Rancher finds profits outside the box

 

By Carol Ryan Dumas, Capital Press

Jan 13, 2020

 

TWIN FALLS, Idaho — Kit Pharo has run cattle on eastern Colorado grasslands for the past 35 years with common-sense principles that go against the grain of traditional ranching.

 

That’s led to a profitable and sustainable cow-calf operation, cooperative herds in 12 states and a seedstock business that now sells more than 1,000 bulls a year.

 

Bucking the trend has proved successful for his operation, and he encouraged ranchers at the Idaho Range Livestock Symposium to likewise think outside the box.

 

The status-quo way of doing things stopped working 30 years ago. But most ranchers are operating the same way their parents and grandparents did, he said.

 

“Ranchers today are doing good just to break even,” he said.

 

Weaning weight

 

Over the last 50 years, producers have bred for bigger weaning weights. That might have given them bragging rights, but that’s about it.

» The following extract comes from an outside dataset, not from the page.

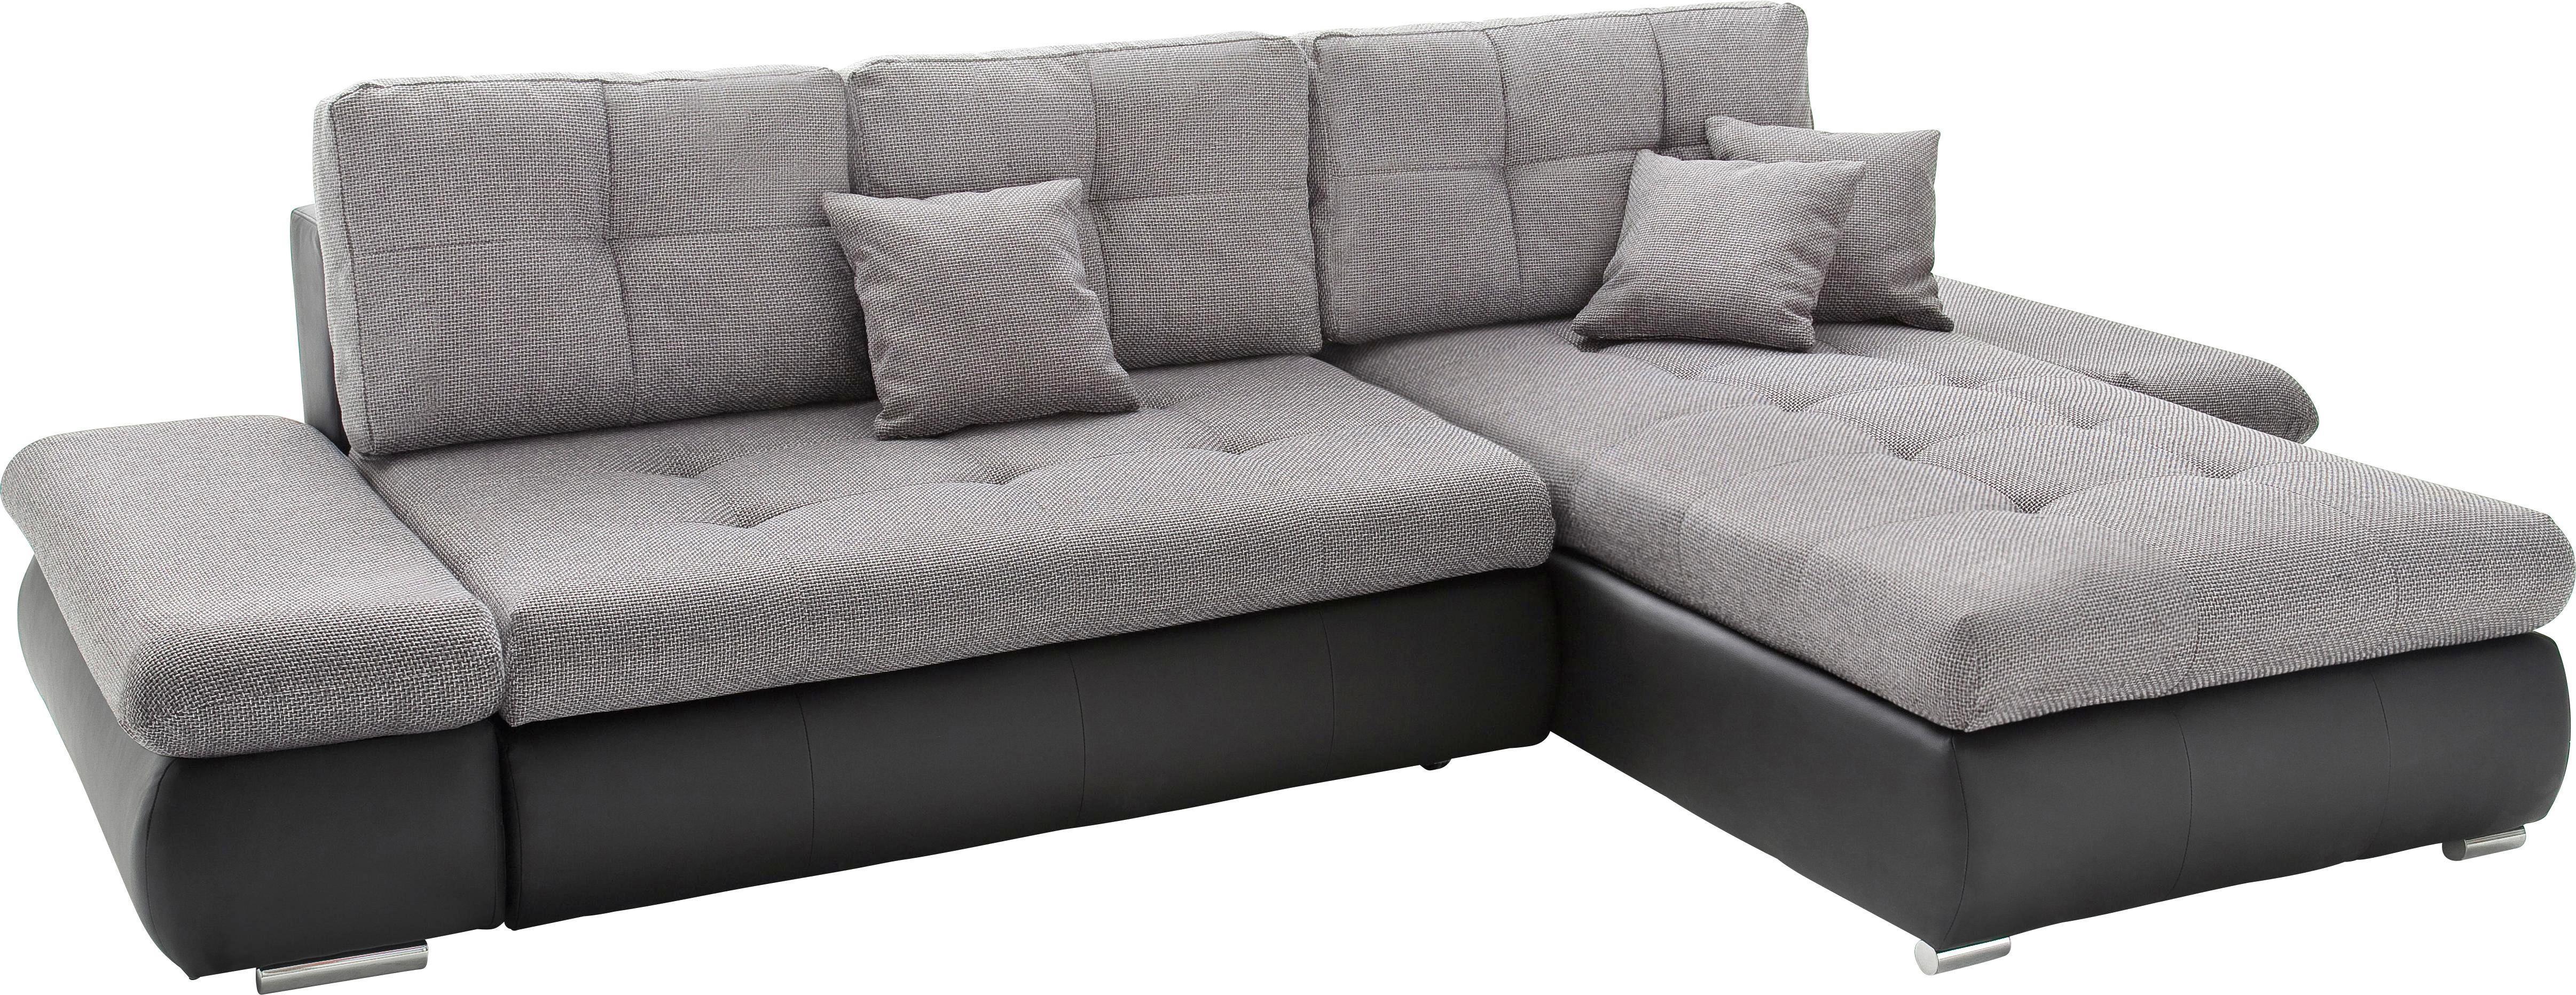 Wohnlandschaft Grau mit Bettfunktion - Schwarz/Grau, MODERN, Textil (303/185cm) - MODERN LIVING

Cow size increased, and stocking rates had to decrease, he said.

 

“The stocking rate affects profitability, or lack thereof, more than anything else,” he said.

 

The industry has nearly doubled weaning weights over the last 50 years, but cost of production has increased and profits have decreased, he said.

 

“Why are we focusing on the wrong thing, and why did we do it for so long?” he asked.

 

The industry is now at a tipping point. Producers have to change or they’ll go out of business, and those slowest to change are going to get run over. Those who can’t cut or eliminate expenses might as well cut their losses, he said.